__What to do__: The entries that follow need to be reproduced exactly, minus any images.

Stored items

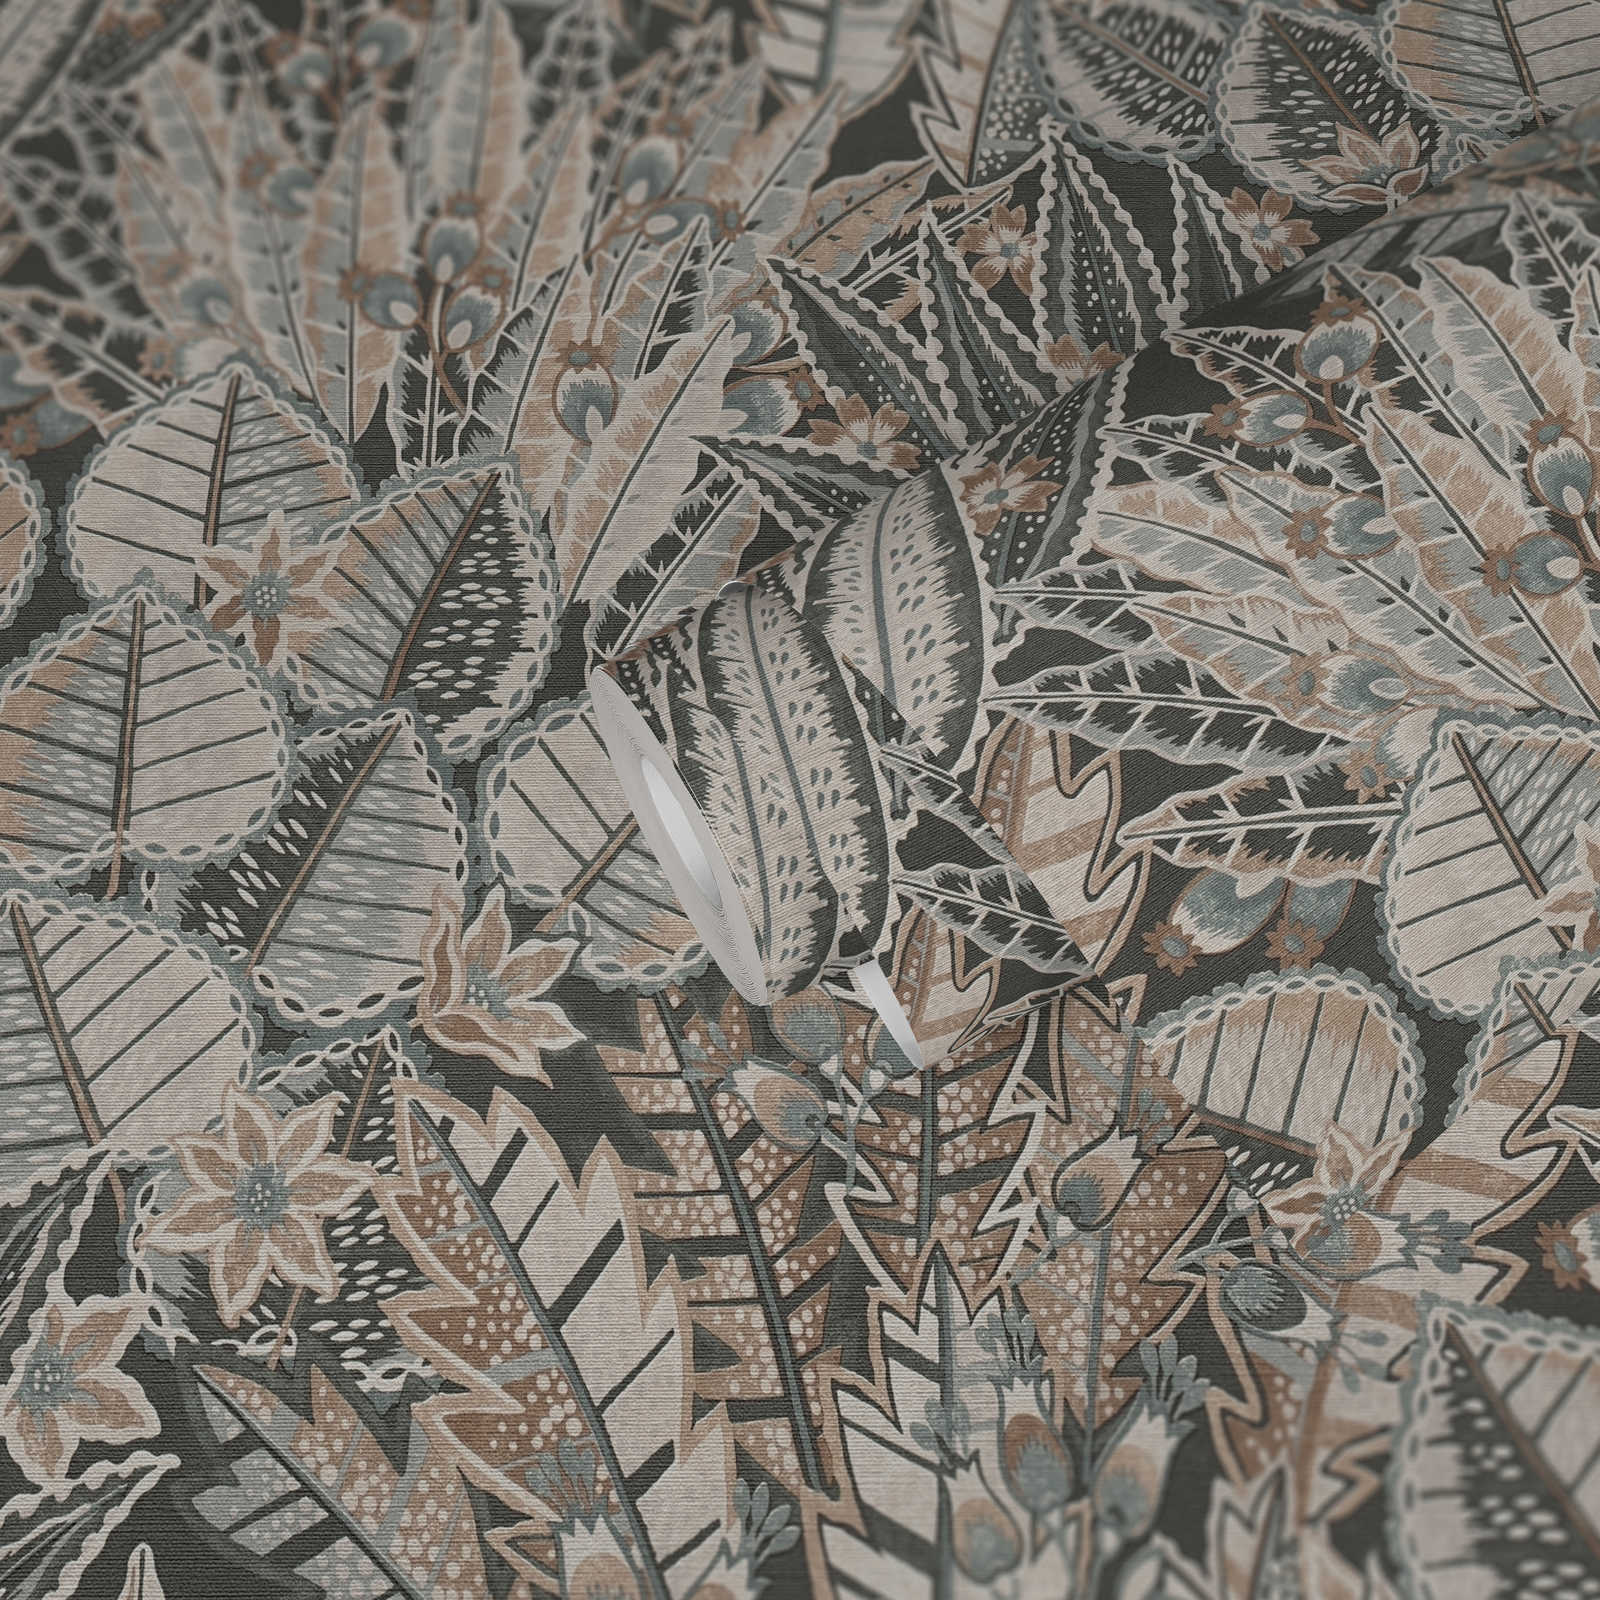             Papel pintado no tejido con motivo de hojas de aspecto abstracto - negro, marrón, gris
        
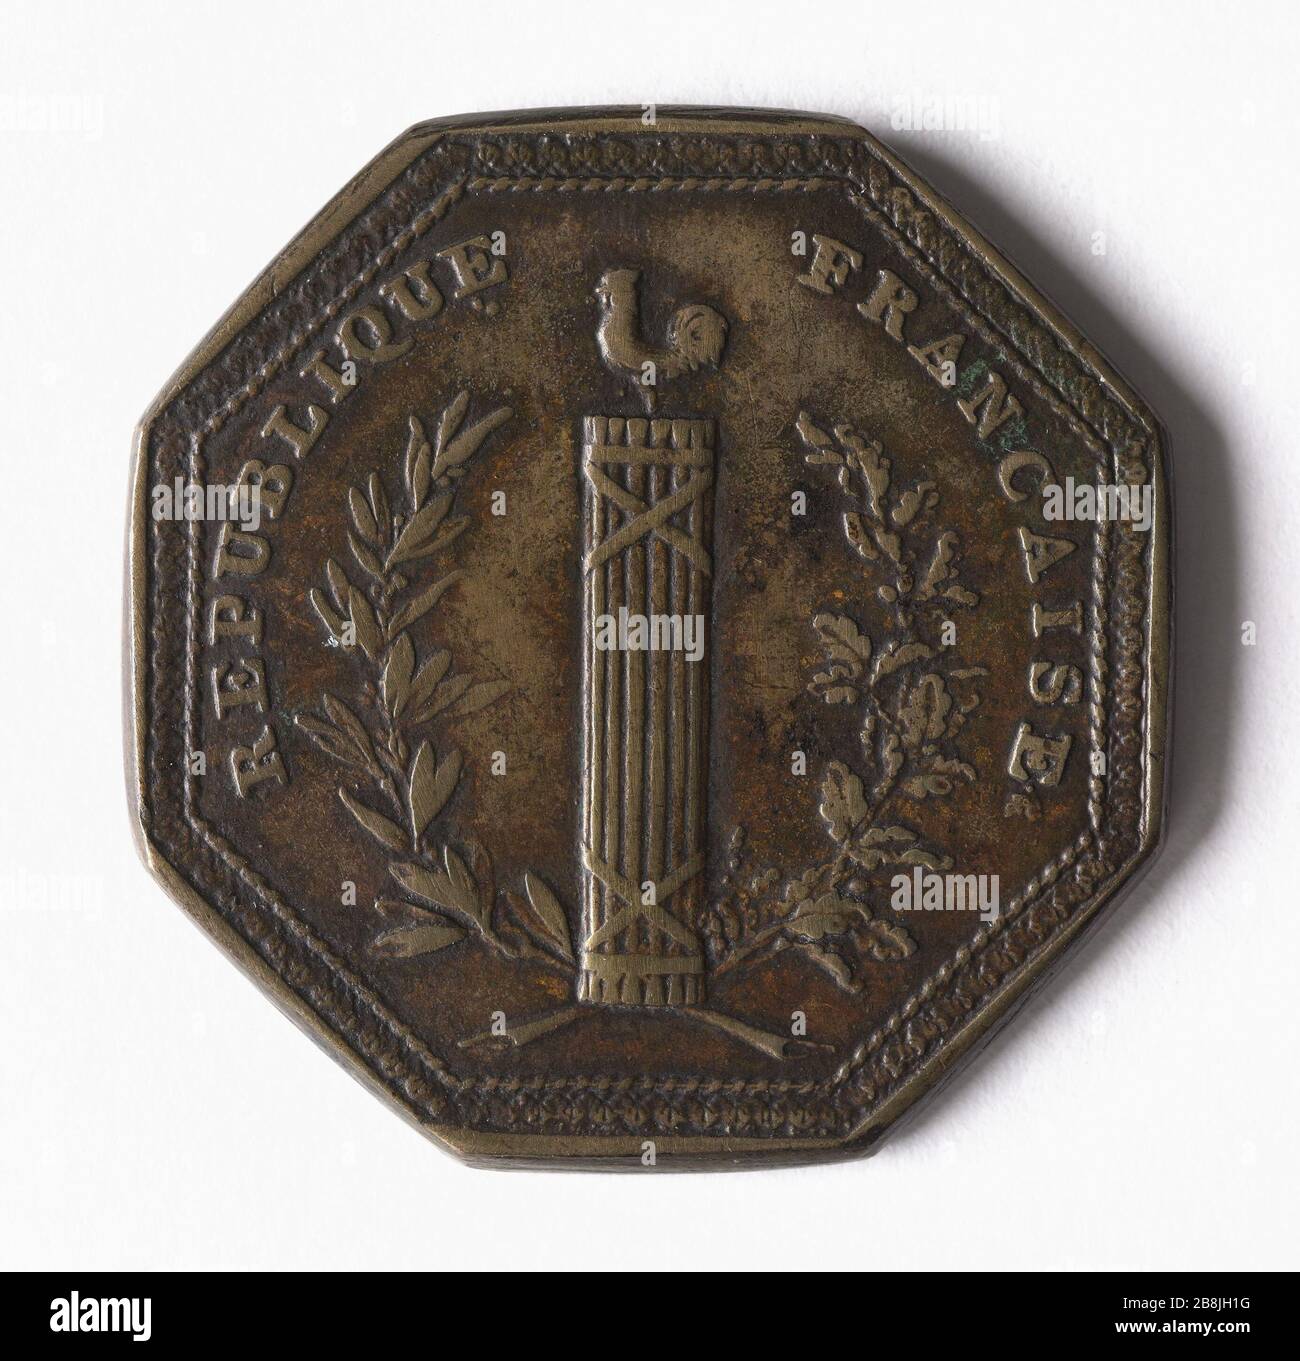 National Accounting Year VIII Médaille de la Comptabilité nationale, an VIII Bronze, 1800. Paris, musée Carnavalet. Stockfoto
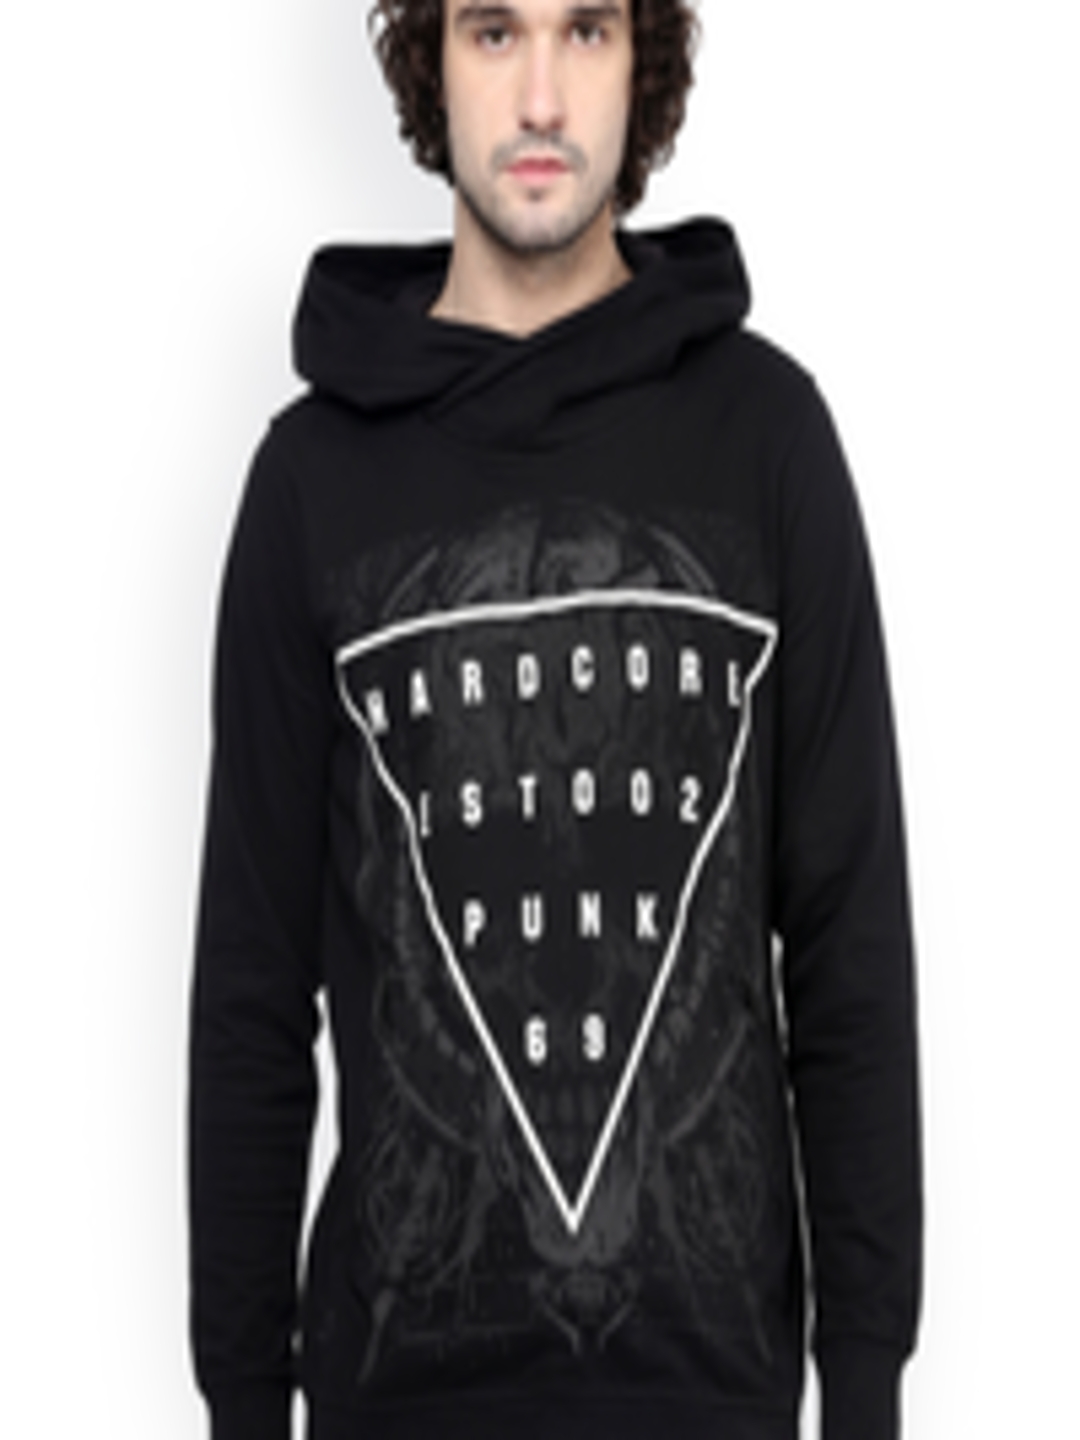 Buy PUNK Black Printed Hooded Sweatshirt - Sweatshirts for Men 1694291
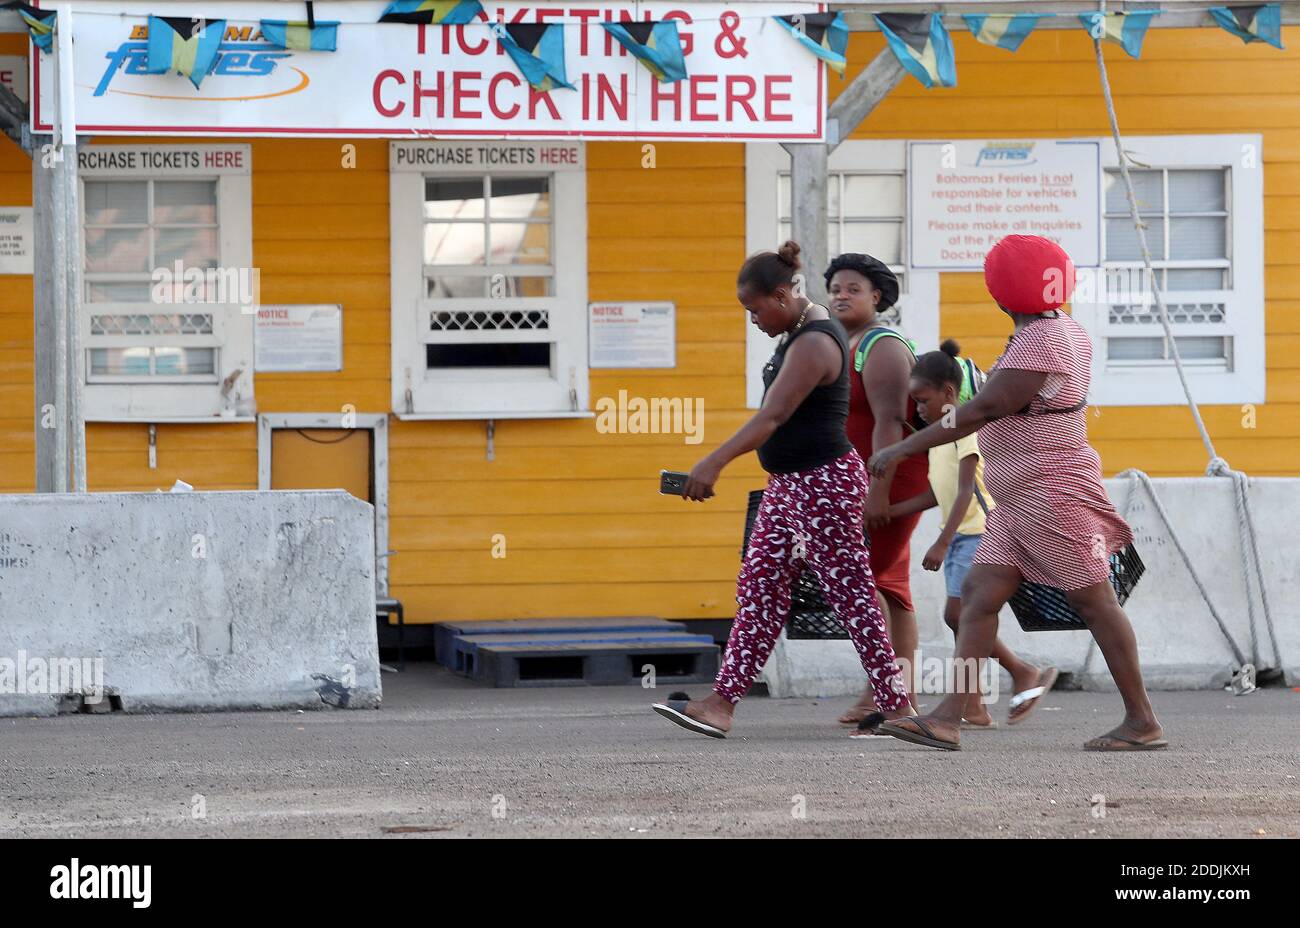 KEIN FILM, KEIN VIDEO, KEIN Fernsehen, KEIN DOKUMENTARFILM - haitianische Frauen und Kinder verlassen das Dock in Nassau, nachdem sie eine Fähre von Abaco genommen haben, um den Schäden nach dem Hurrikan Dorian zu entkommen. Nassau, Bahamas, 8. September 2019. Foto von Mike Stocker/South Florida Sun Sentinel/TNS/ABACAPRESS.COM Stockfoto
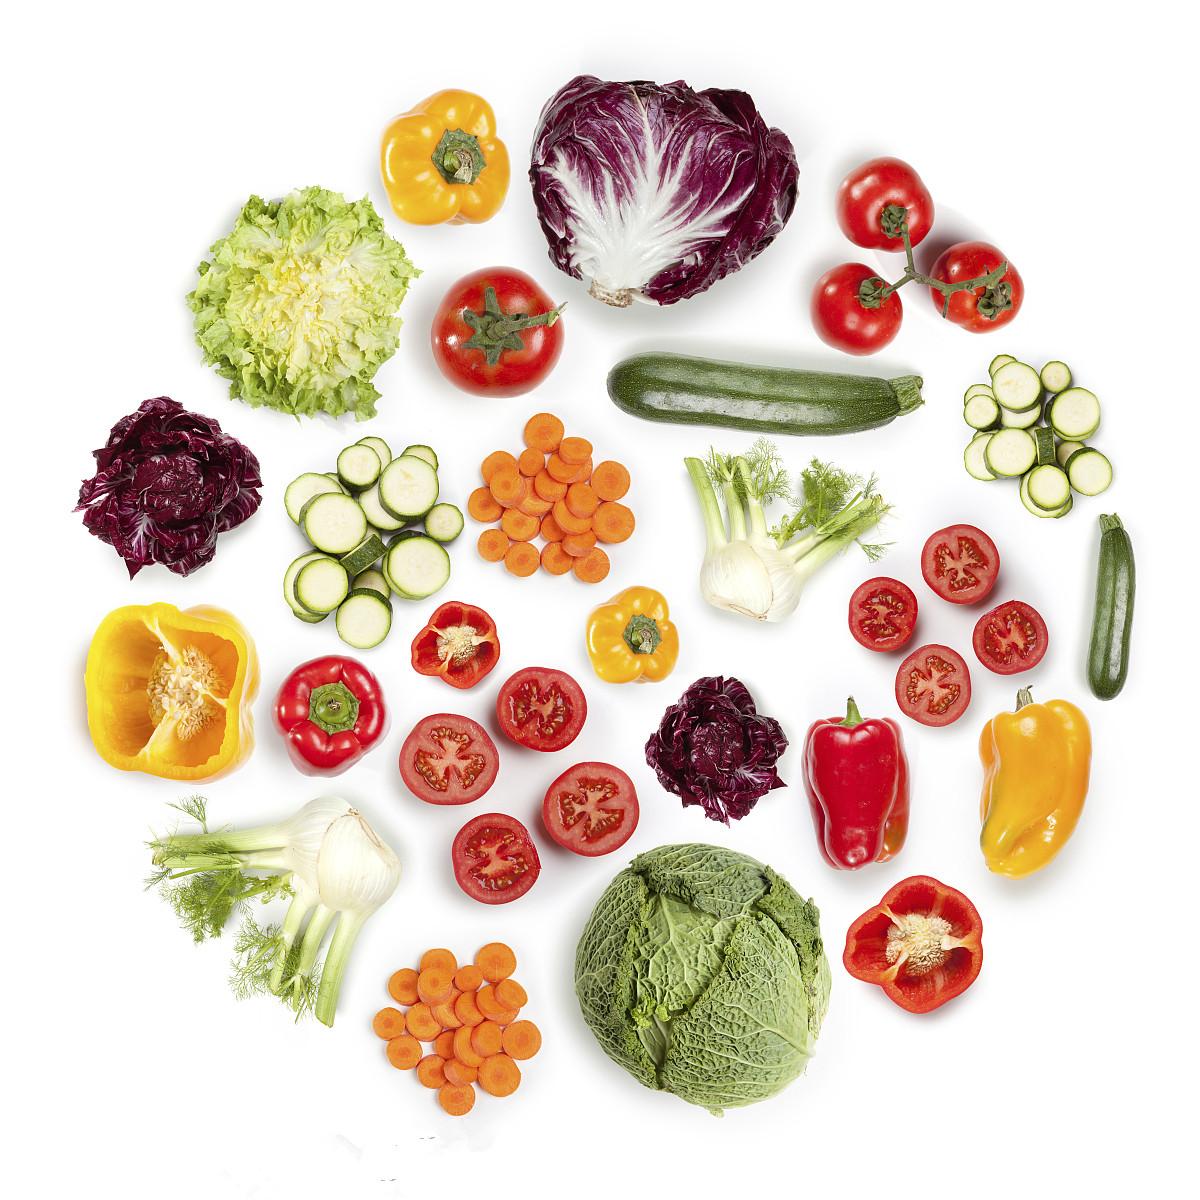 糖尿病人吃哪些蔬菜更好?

__Exercise output__:
             Papel pintado no tejido con motivo de hojas de aspecto abstracto - negro, marrón, gris
        
 National Accounting Year VIII Médaille de la Comptabilité nationale, an VIII Bronze, 1800. Paris, musée Carnavalet. Stockfoto
 Buy PUNK Black Printed Hooded Sweatshirt - Sweatshirts for Men 1694291
 KEIN FILM, KEIN VIDEO, KEIN Fernsehen, KEIN DOKUMENTARFILM - haitianische Frauen und Kinder verlassen das Dock in Nassau, nachdem sie eine Fähre von Abaco genommen haben, um den Schäden nach dem Hurrikan Dorian zu entkommen. Nassau, Bahamas, 8. September 2019. Foto von Mike Stocker/South Florida Sun Sentinel/TNS/ABACAPRESS.COM Stockfoto
 糖尿病人吃哪些蔬菜更好?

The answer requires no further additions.